++++ SOURCE INFORMATION ++++
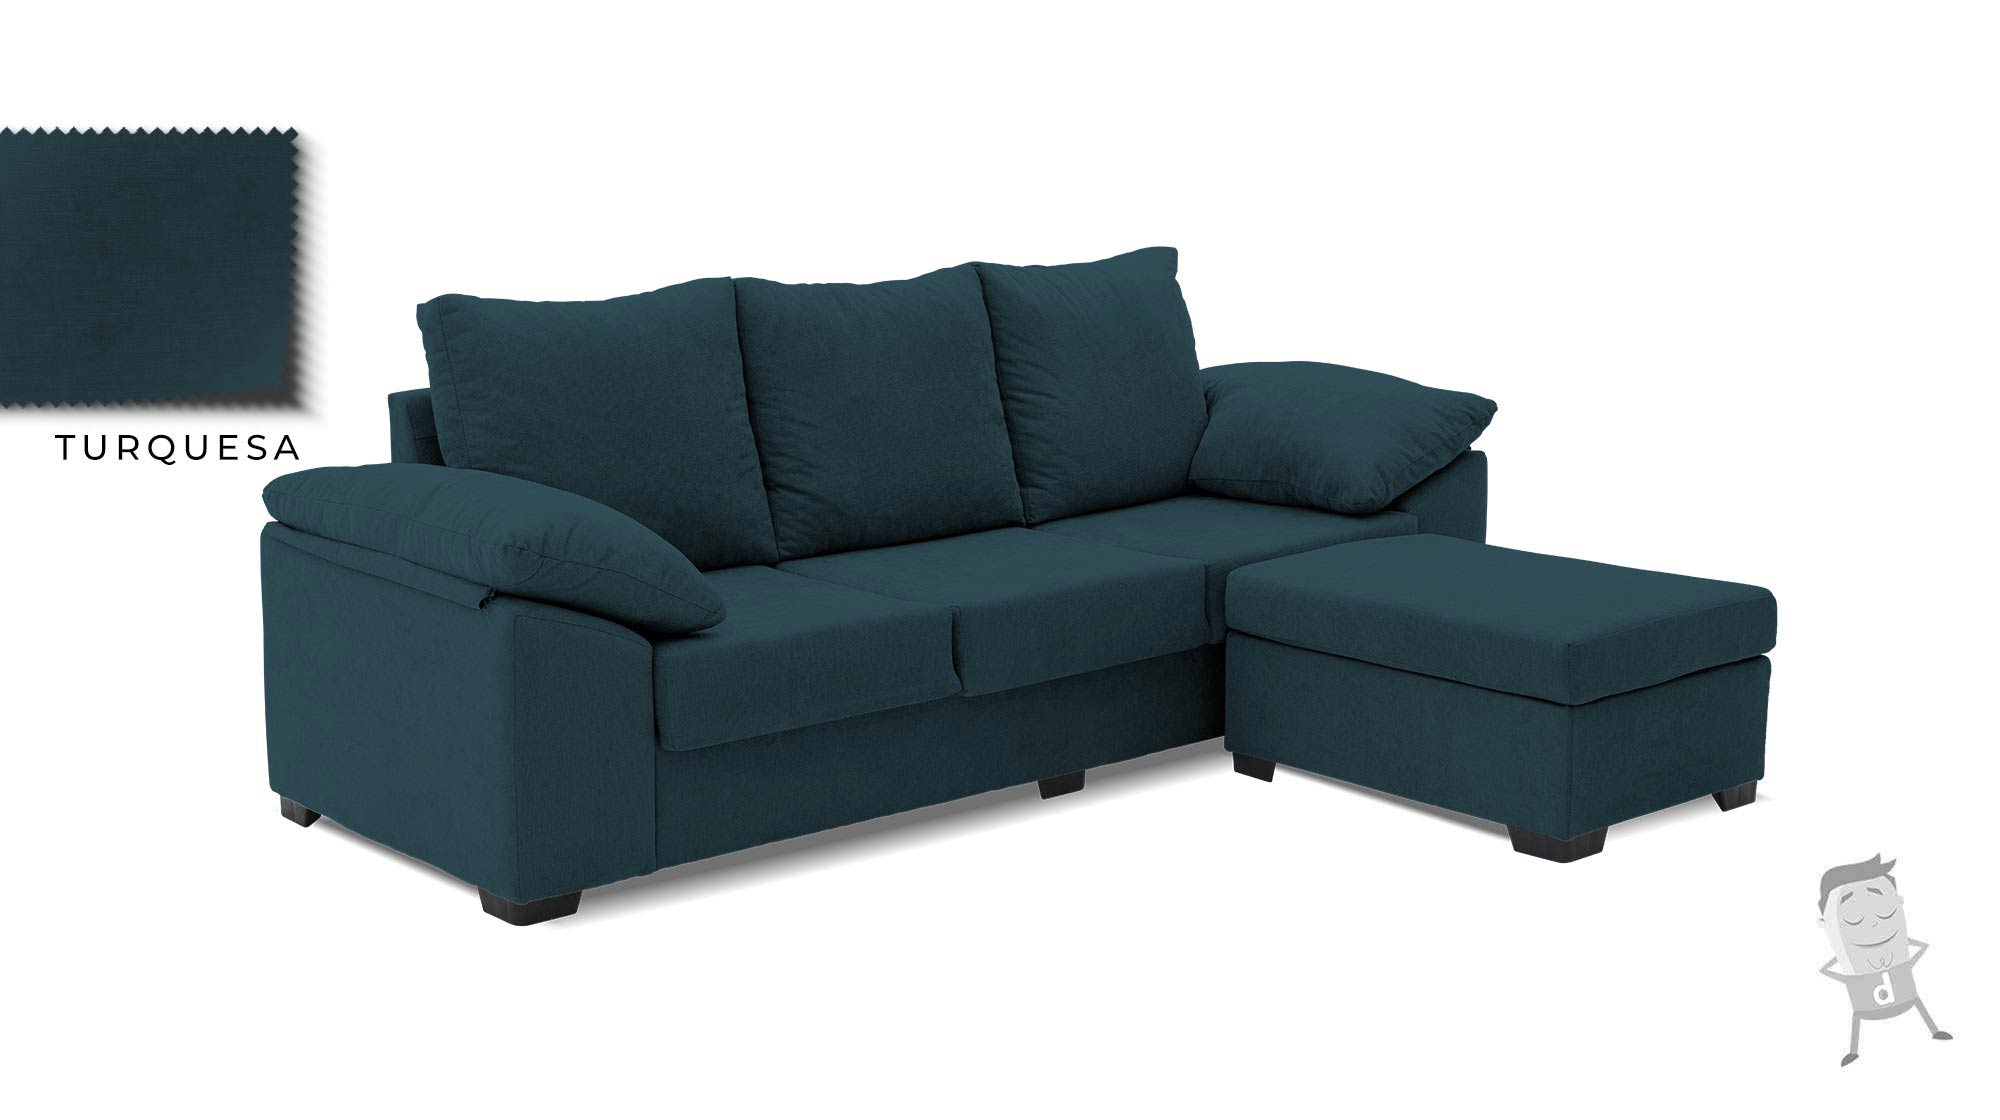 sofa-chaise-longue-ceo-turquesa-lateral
++++
++++ SOURCE INFORMATION ++++
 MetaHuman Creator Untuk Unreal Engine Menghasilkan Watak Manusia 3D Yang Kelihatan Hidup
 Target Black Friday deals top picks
++++
++++ SOURCE INFORMATION ++++
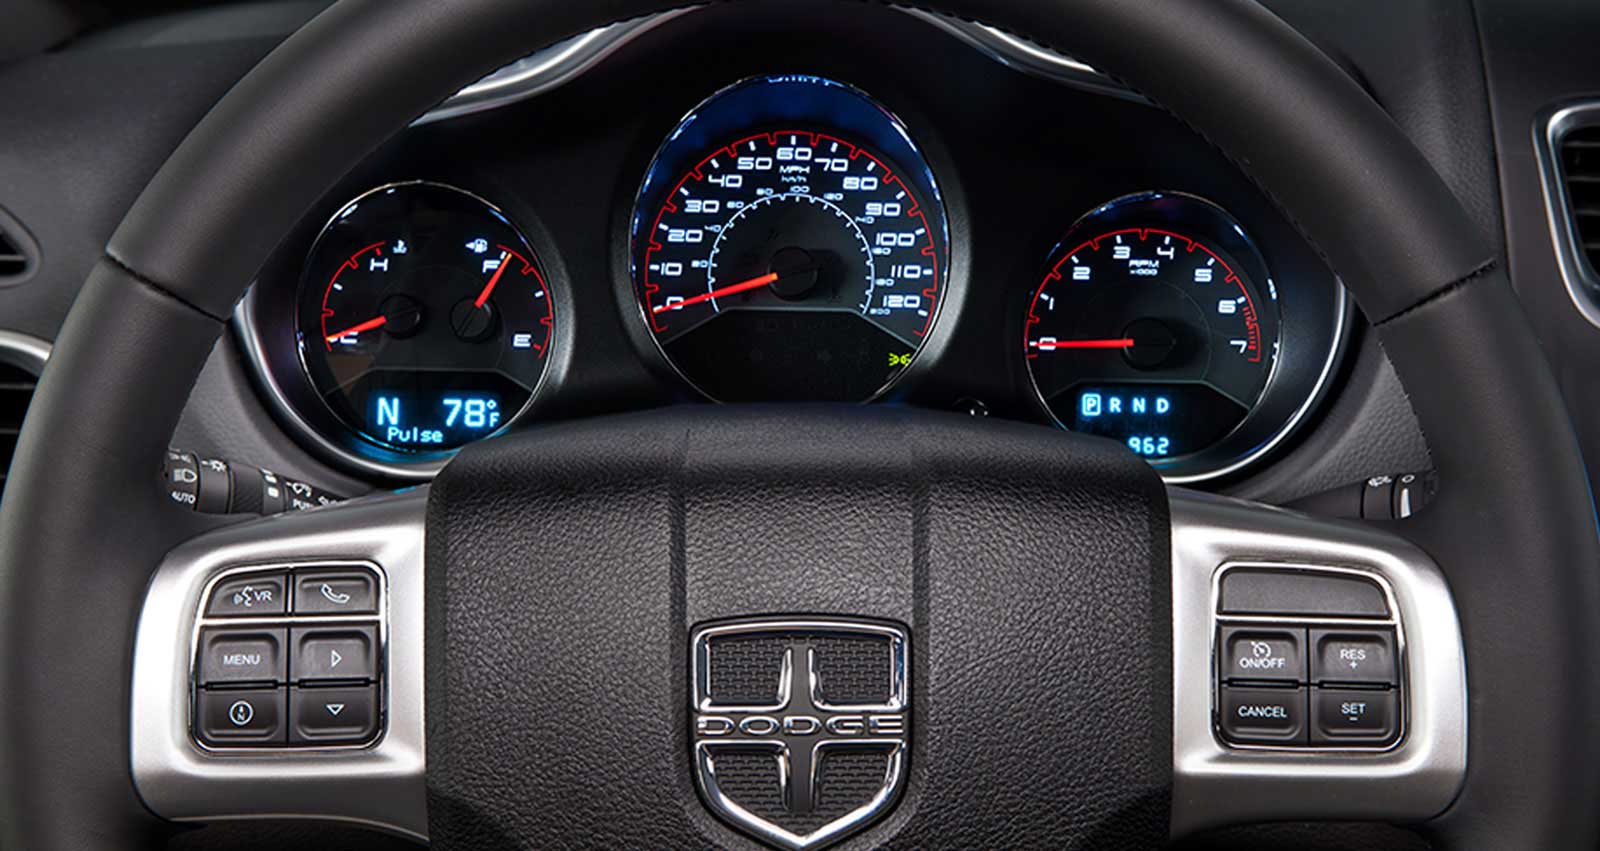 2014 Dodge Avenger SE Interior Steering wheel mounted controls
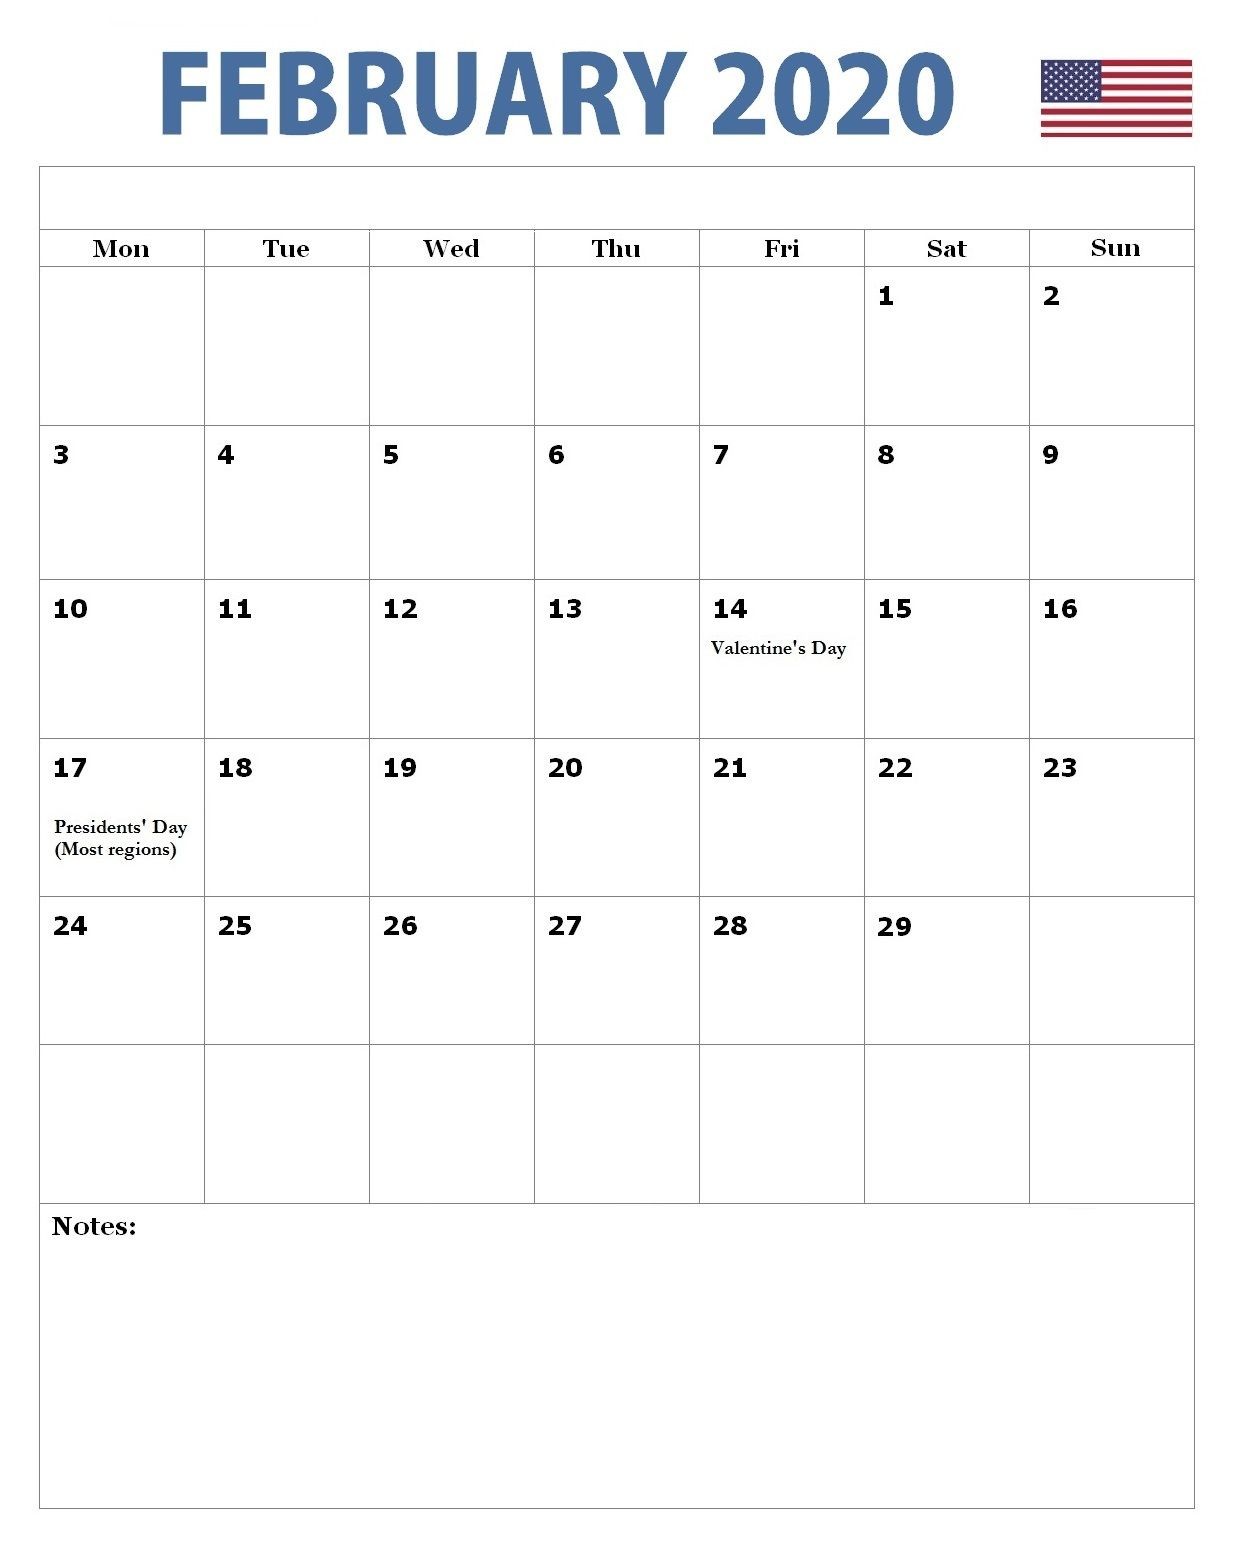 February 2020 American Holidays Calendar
++++
**EXERCISE INSTRUCTIONS**: Make an exact copy of the lines above, beginning with the line with "2014 Dodge Avenger" and ending with the line with "February 2020 American Holidays Calendar", and keep the pictures out of it.

**YOUR SOLUTION**:
 2014 Dodge Avenger SE Interior Steering wheel mounted controls
 February 2020 American Holidays Calendar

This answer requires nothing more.